Wankel Engine Principles of Operation • Exhaust Stroke • The continued rotation of the rotor uncovers the exhaust port allowing the exhaust gas to escape. • The cycle then repeats when a new air/fuel mixture is permitted to enter the combustion chamber.
Wankel Engine Advantages • Advantages • Less vibration than piston driven engines. • A two rotary engine is as powerful as a six cylinder piston engine. • Power output can be increased by adding additional rotors to the engine.
Wankel Engine Disadvantages • Disadvantages • Sealing the rotor in the odd shaped cylinder is very difficult requiring costly maintenance. • Construction cost are high for this engine. • Shortages of trained mechanics to service this engine type.
Diesel Engines • This engine was invented in 1892 by a German mechanical engineer named Rudolph Diesel. • At first this engine was known as the compression engine but later was named Diesel after its inventor.
Diesel Engines • Diesels come in two stroke and four stroke versions and operate much like the gasoline driven engines. • Diesels have a greater compression ratio than gasoline engines. • Diesel 16:1 – 23:1 • Gasoline 6:1 – 12:1
Diesel Engine Principles of Operation • Intake Stroke • The intake valve opens. • The piston moves downward. • Only air is pulled into the cylinder or pumped in using a turbo charger (fan).
Diesel Engine Principles of Operation • Compression Stroke • The upward movement of the piston compresses the air increasing the temperature to approximately 538 degrees Celsius.
Diesel Engine Principles of Operation • Power Stroke • As the piston reaches the top, fuel is injected at just the right moment and ignited by the heat, forcing the piston back down.
Diesel Engine Principles of Operation • Exhaust stroke • The piston moves back to the top and pushes the burned gases out of the exhaust valve or port.

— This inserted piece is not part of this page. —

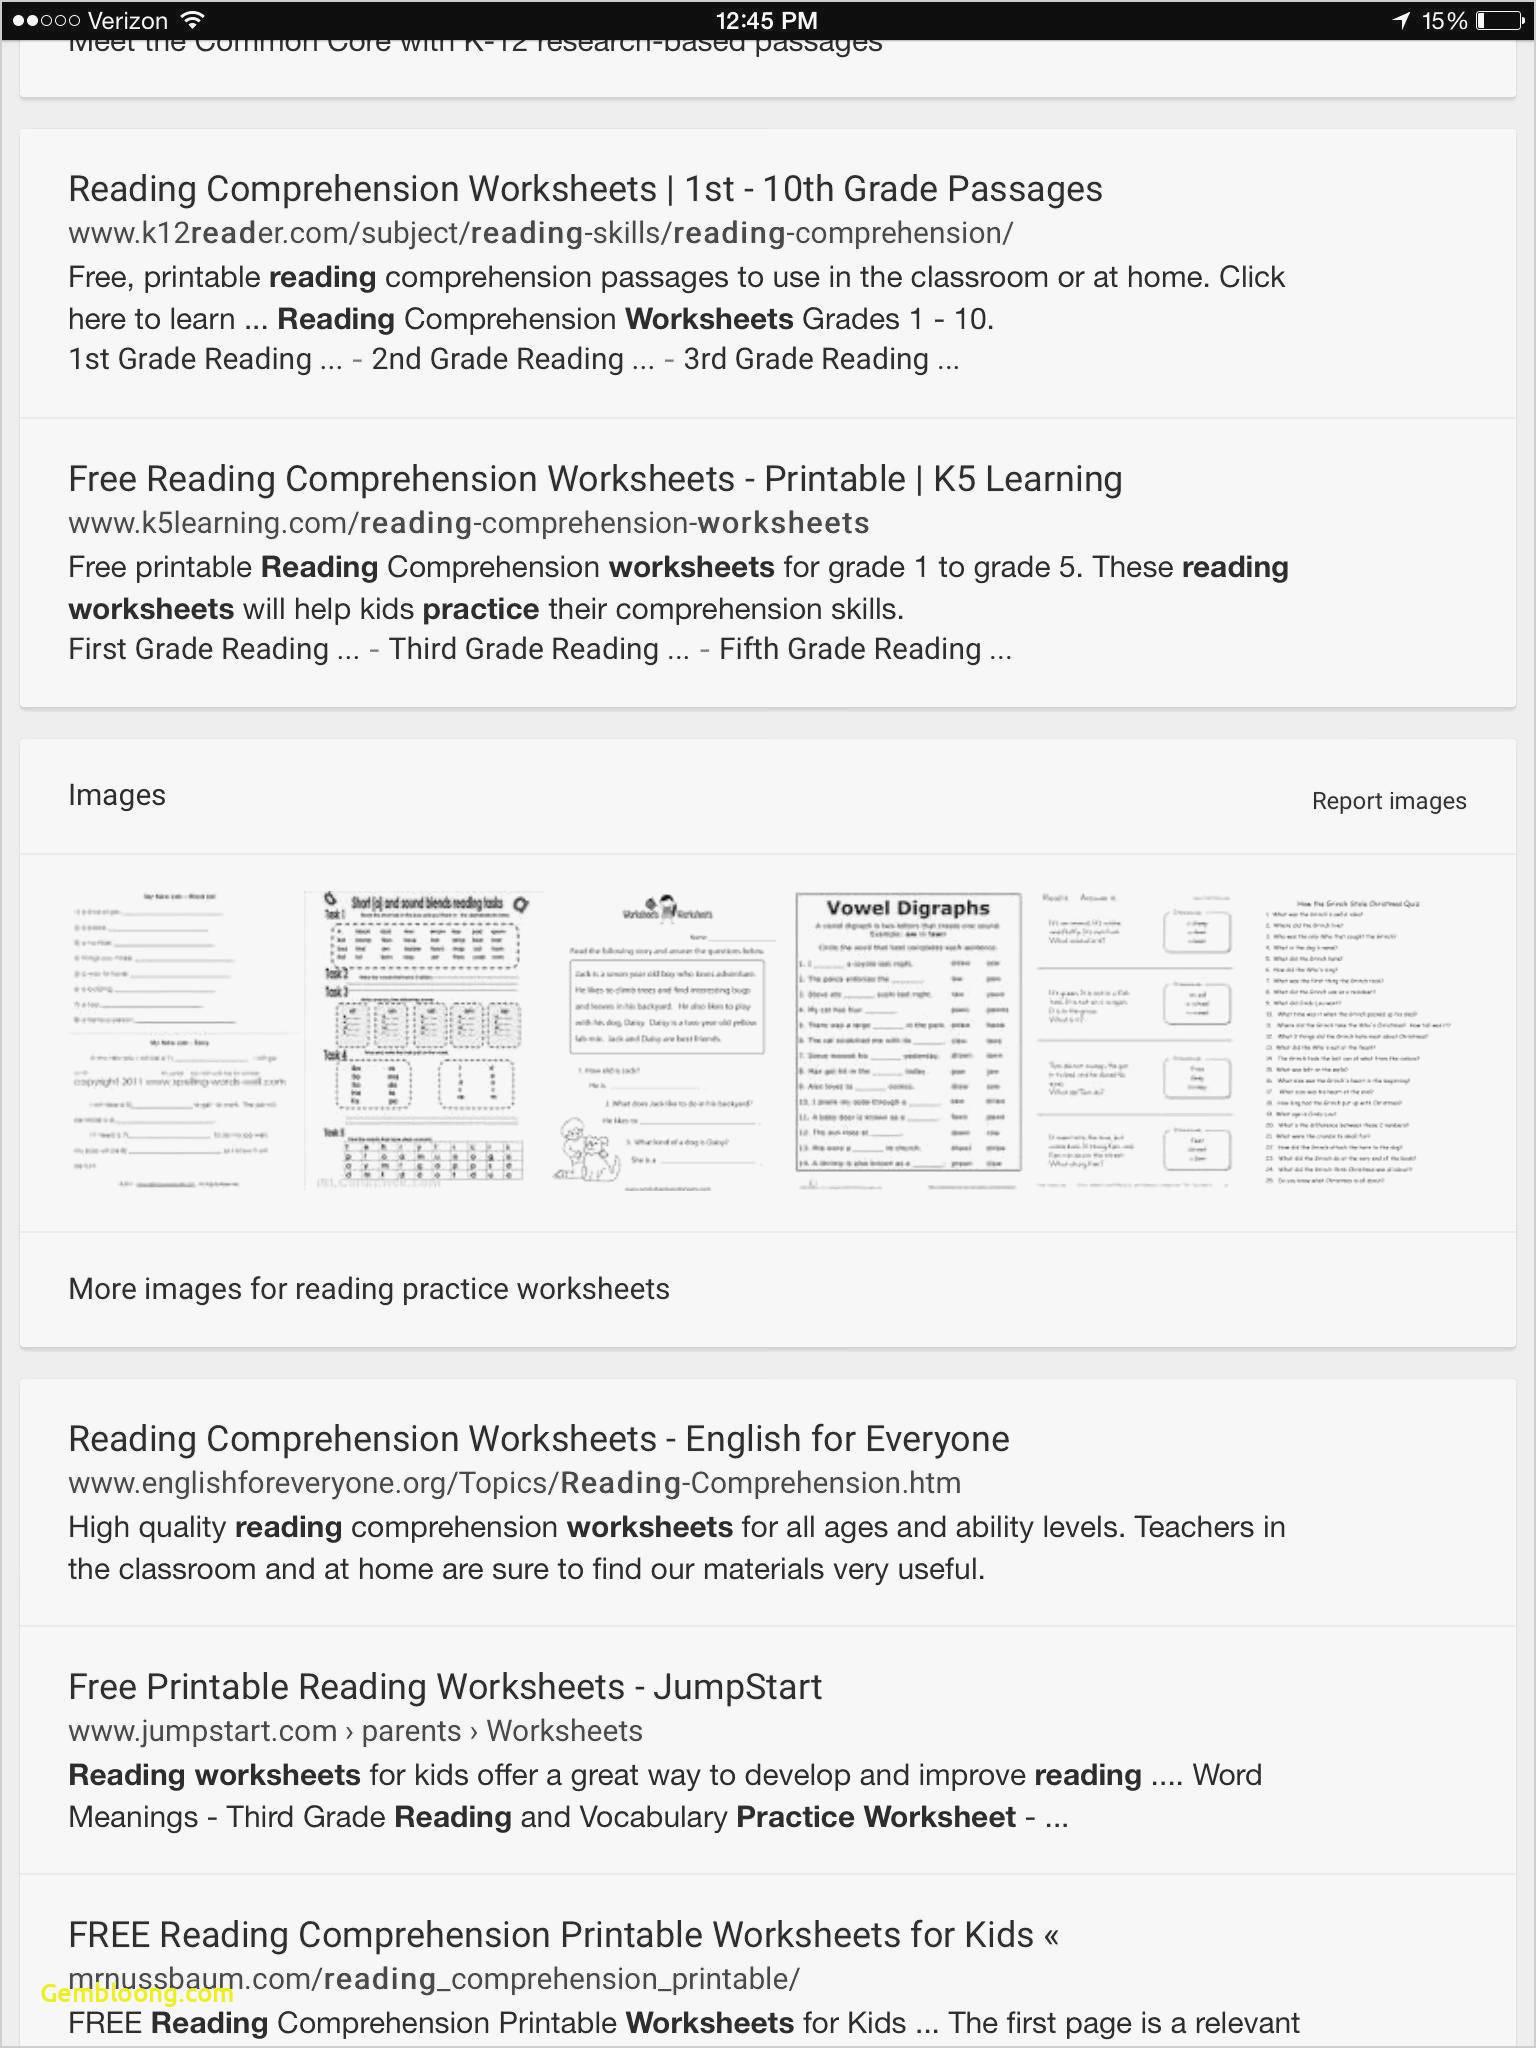 Reading Comprehension Worksheets For 1St Grade - Cramerforcongress | Free Printable Worksheets Reading Comprehension 5Th Grade

Diesel VS Gasoline Engines • Different type fuel (Diesel fuel). • Diesel engines operate at a much higher compression ratio. • Diesel engines do not use spark plugs. • Glow plugs are used to help get the engines going on very cold days.
Diesel Engine Advantages • Advantages • Greater fuel economy (25% more efficient than gasoline engines). • Produces more power. • Requires less maintenance.
Diesel Engine Disadvantages • Disadvantages • Must be constructed heavier to withstand the higher pressures. • Shortage of qualified mechanics in some areas.